In order to more clearly illustrate the technical solutions of the embodiments of the present invention, the drawings needed to be used in the description of the embodiments are briefly introduced below, and it is obvious that the drawings in the following description are only some embodiments of the present invention, and it is obvious for those skilled in the art to obtain other drawings based on the drawings without creative efforts.

Fig. 1 is a schematic diagram of a network attack detection apparatus based on deep learning according to an embodiment of the present invention;

fig. 2 is a frame diagram of a deep learning network attack detection module according to an embodiment of the present invention;

FIG. 3 is a schematic diagram of a training and testing phase provided by an embodiment of the present invention;

fig. 4 is a flowchart of a network attack detection method based on deep learning according to an embodiment of the present invention.

Detailed Description

The technical solutions in the embodiments of the present invention are clearly and completely described below with reference to the drawings in the embodiments of the present invention, and it is obvious that the described embodiments are only a part of the embodiments of the present invention, and not all embodiments. All other embodiments, which can be derived by a person skilled in the art from the embodiments of the present invention without making any creative effort, shall fall within the protection scope of the present invention.

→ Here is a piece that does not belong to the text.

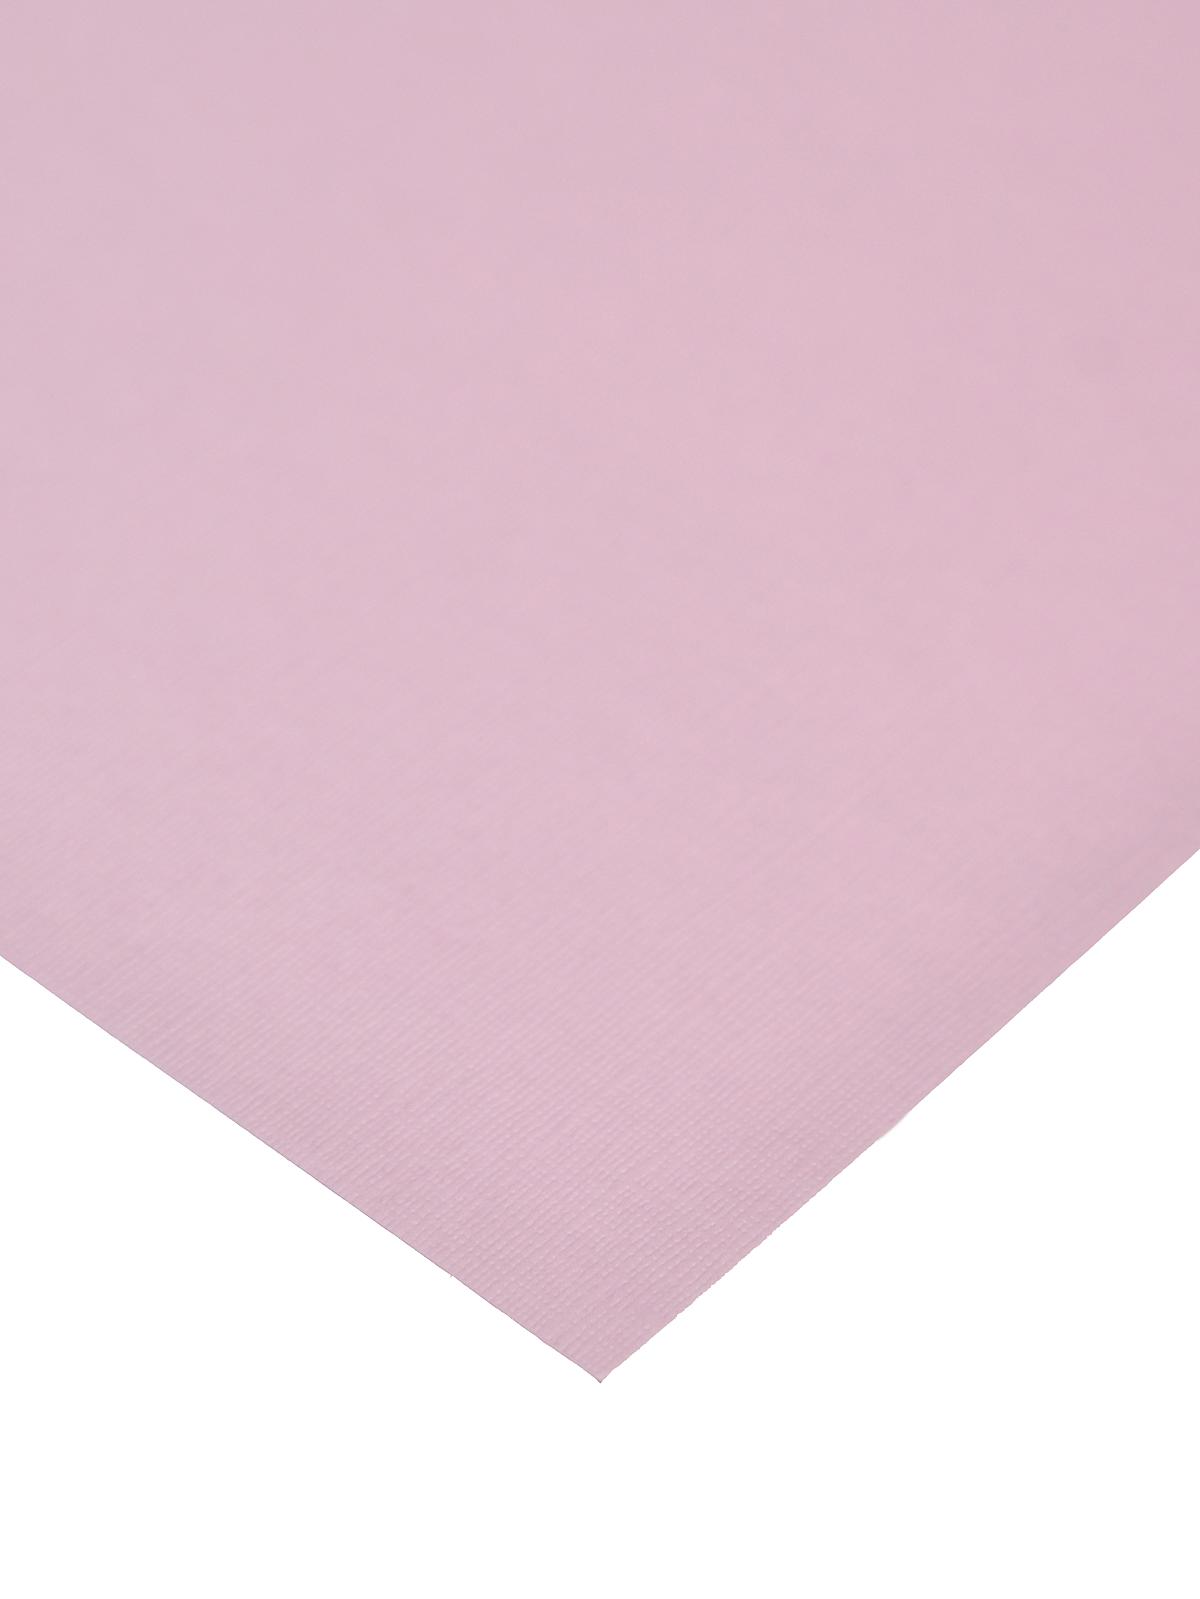 80 Lb. Canvas 8.5 In. X 11 In. Sheet Pale Blossom

The traditional network attack detection method needs to rely on professional knowledge and experience, has low detection accuracy and cannot effectively and timely respond to unknown attacks; although the accuracy rate of classifying known flow is high, the accuracy rate of detecting unknown attack is low, and two functions of classifying known type flow and detecting unknown attack flow cannot be realized at the same time, so that the practical application has certain limitation.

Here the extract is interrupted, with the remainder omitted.